In the next step in the pipeline, a Bash script is used to tag the container images and push them to Docker Hub. This step needs to be performed once for deployment to the Azure Region in South East Asia and once for deployment to Azure Region East US 2. Again, the MVC container is the same no matter to which Azure Region it’s deployed. Figure 2 shows a snapshot of the CI pipeline created to accomplish this step.

Azure DevOps Pipeline
Figure 2 Azure DevOps Pipeline

Packaging the Applications for Deployment to Service Fabric I used the Yeoman generator for Windows to generate the application and service manifest files and package the solution. You’ll find guidance in using this tool at bit.ly/2zZ334n.

A single application package is created that bundles the MVC and API apps as Service Types. In the service manifest files, enter the container names uploaded to Docker Hub in the previous steps.

Note that the Web API project’s service manifest defines a service DNS name that should match the value in the MVC project’s appsettings.json file, to be used in service discovery.

The number of instances of each service type (that is, the Web and API projects) in the manifest is set to two. This instructs Service Fabric to have two instances of the container of that service type always running in the cluster. This number can be modified to suit the deployment, or can be set to auto-scale within a min and max range.

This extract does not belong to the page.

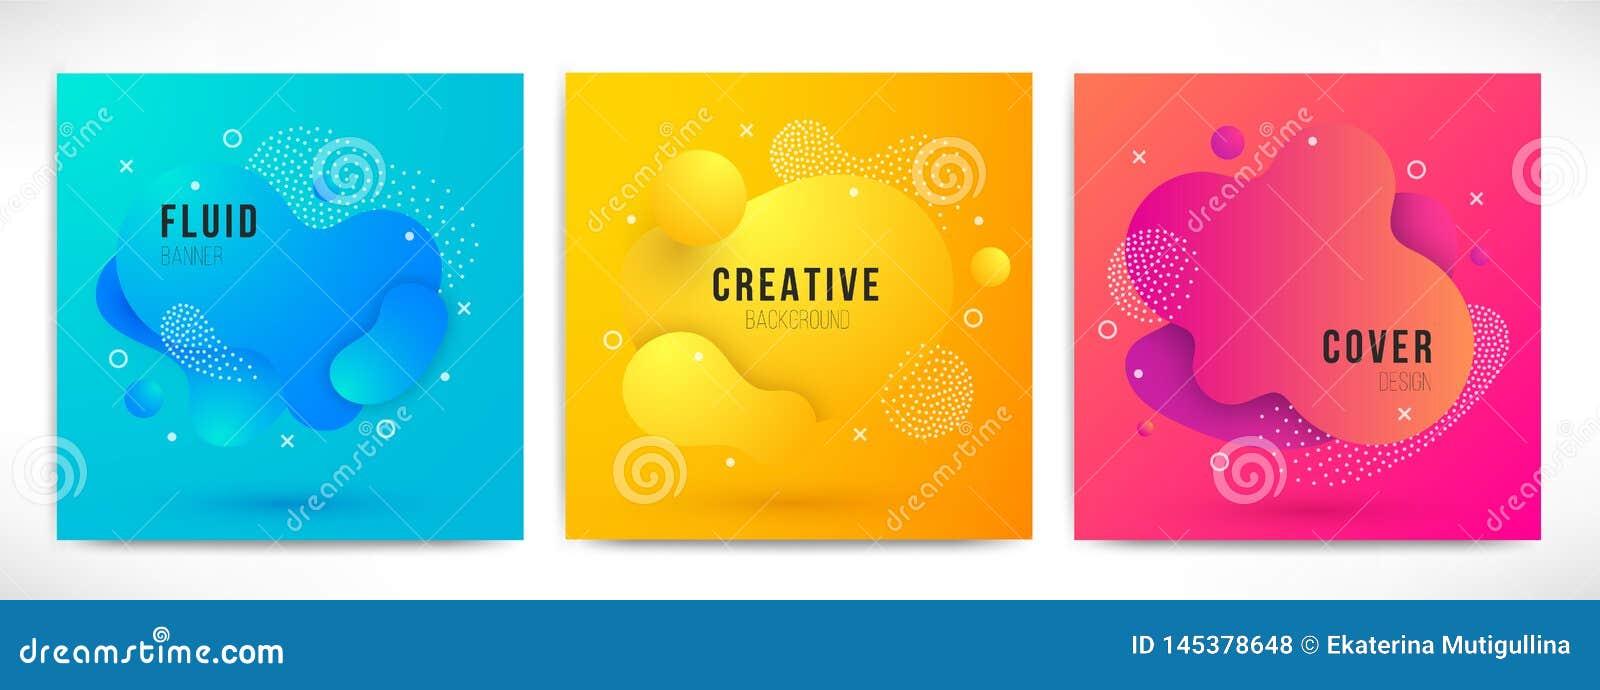 7edc1bce079bc Abstract modern liquid color Backgrounds set. Dynamic colorful design  elements. Fluid gradient geometric shapes for presentation, cover, logo,  flyer, web.

The service manifest supports the notion of a placement constraint. In the following snippet, a placement constraint is defined on the node type name in the Service Fabric cluster to which the service should be deployed. If not specified, the code package could get deployed across all node types, including the primary node type, in the Service Fabric cluster. However, I intend to host only the Service Fabric Platform Services in the primary node type.

<ServiceTypes>
  <StatelessServiceType ServiceTypeName="censusapiType" 
    UseImplicitHost="true">
<PlacementConstraints>(NodeTypeName==nt-sfazvm0) </PlacementConstraints>
  </StatelessServiceType>
</ServiceTypes>

The node type name configured in the Azure Resource Manager (ARM) template (discussed later) to deploy the Service Fabric Cluster should match that in the placement constraint of the service manifest.

Deploying the Applications to Service Fabric

Now let’s create the Service Fabric cluster and then deploy the application packages to it.

The first step is to provision a Cosmos DB database, which can be performed from the Azure Portal. Start by creating a database in South East Asia and enable geo-replication to East US 2 Region. Select the “enable Multi-Region Write” option in the wizard.

I retained the Session Consistency configuration, which is the default for the Cosmos DB database, and the default setting that indexes all the properties in the schema. You could select only specific properties to index if you prefer, based on the need to query the data.

To handle any potential conflicts that arise out of enabling the multi-master write, I used the default, “last-writer-wins conflict resolution” policy.

Next, you provision the Service Fabric cluster using an ARM template (bit.ly/2swVkI5 and bit.ly/2rBvFfi). Template SF-Std-ELB-Zonal­Deployment.Json deploys two zonal clusters into an existing virtual network. There are certain prerequisites to run this template.

First, use a certificate stored in Azure Key Vault for node-to-node security in the cluster. The thumbprint, Key Vault URL and certificate URL from this step need to be entered in the Parameters section of the ARM template, as shown in Figure 3. This must be done for each of the Regions separately, because both the Service Fabric cluster and the Key Vault used by it should reside in the same region.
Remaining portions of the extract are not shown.